*** DATA SUPPLIED ***
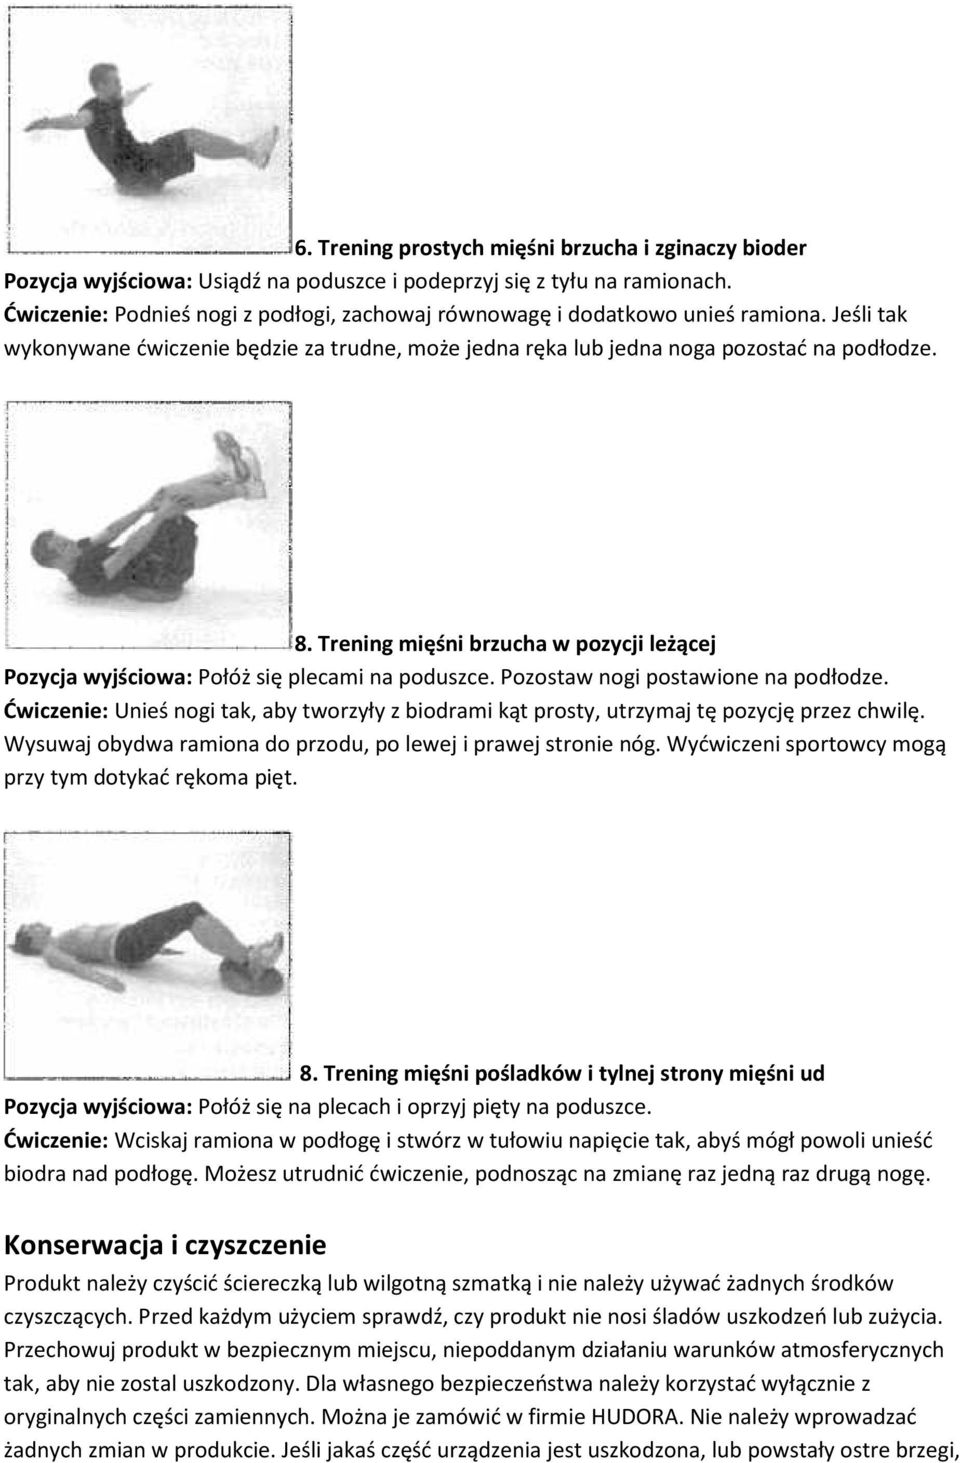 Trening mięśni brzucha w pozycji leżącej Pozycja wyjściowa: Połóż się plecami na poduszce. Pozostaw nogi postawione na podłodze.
***
*** DATA SUPPLIED ***
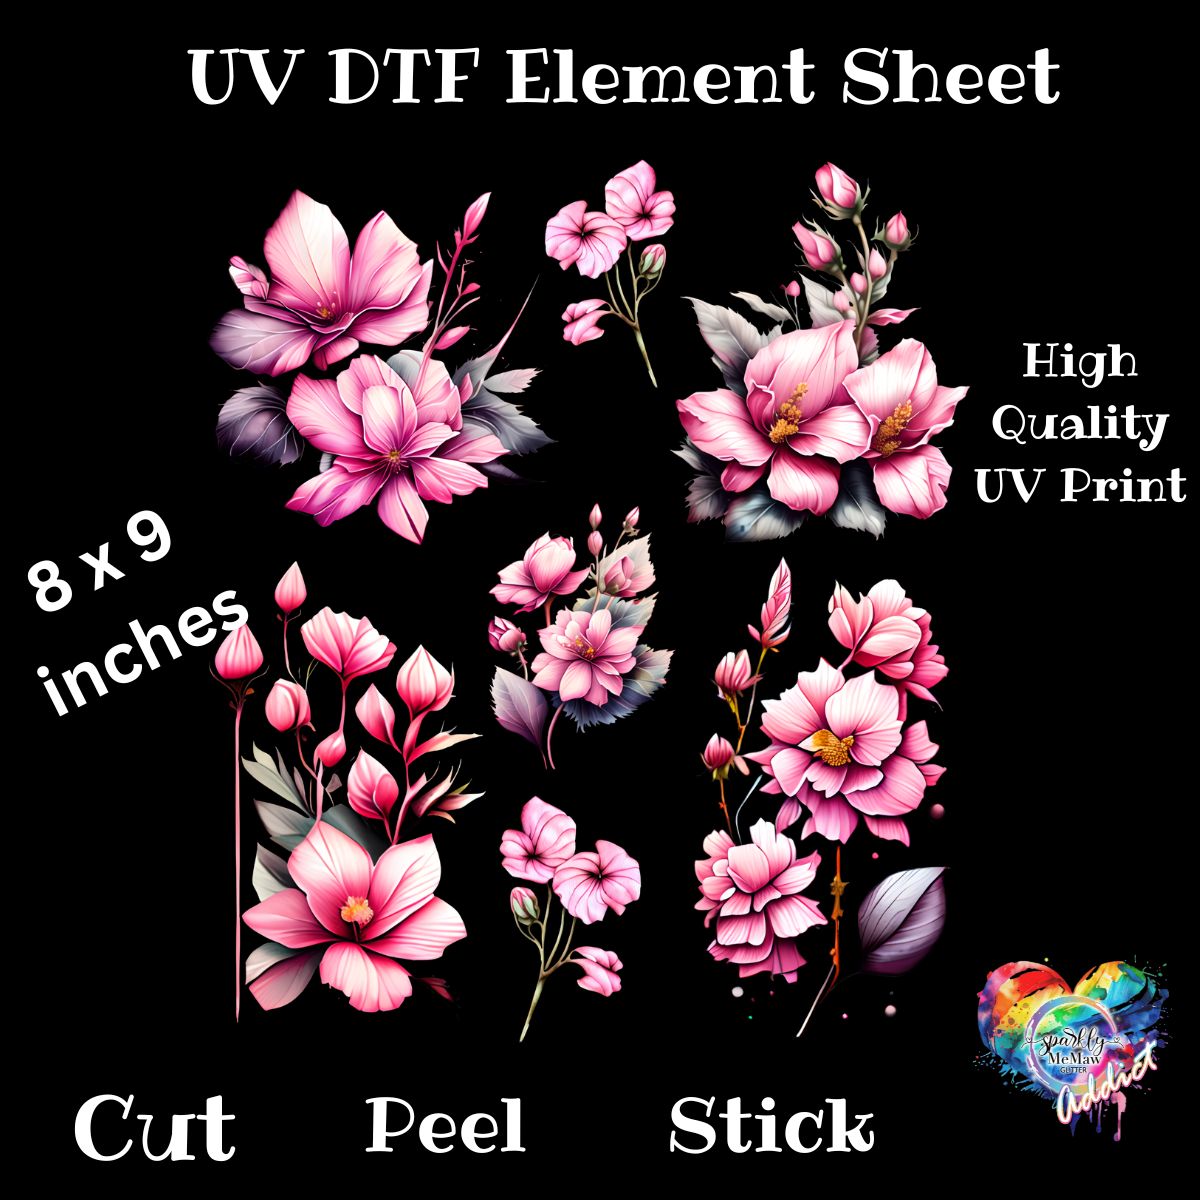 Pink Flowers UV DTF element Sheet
***
*** DATA SUPPLIED ***
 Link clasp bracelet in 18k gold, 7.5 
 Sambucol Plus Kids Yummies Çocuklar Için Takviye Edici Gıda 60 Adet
***
## [EXERCISE DESCRIPTION]
Once you reach the line with "Link clasp bracelet in 18k gold, 7.5" in the data above, copy it and every line after it exactly, up to and including the line with "Sambucol Plus Kids".

## [RESPONSE FOR THIS EXERCISE]
 Link clasp bracelet in 18k gold, 7.5 
 Sambucol Plus Kids Yummies Çocuklar Için Takviye Edici Gıda 60 Adet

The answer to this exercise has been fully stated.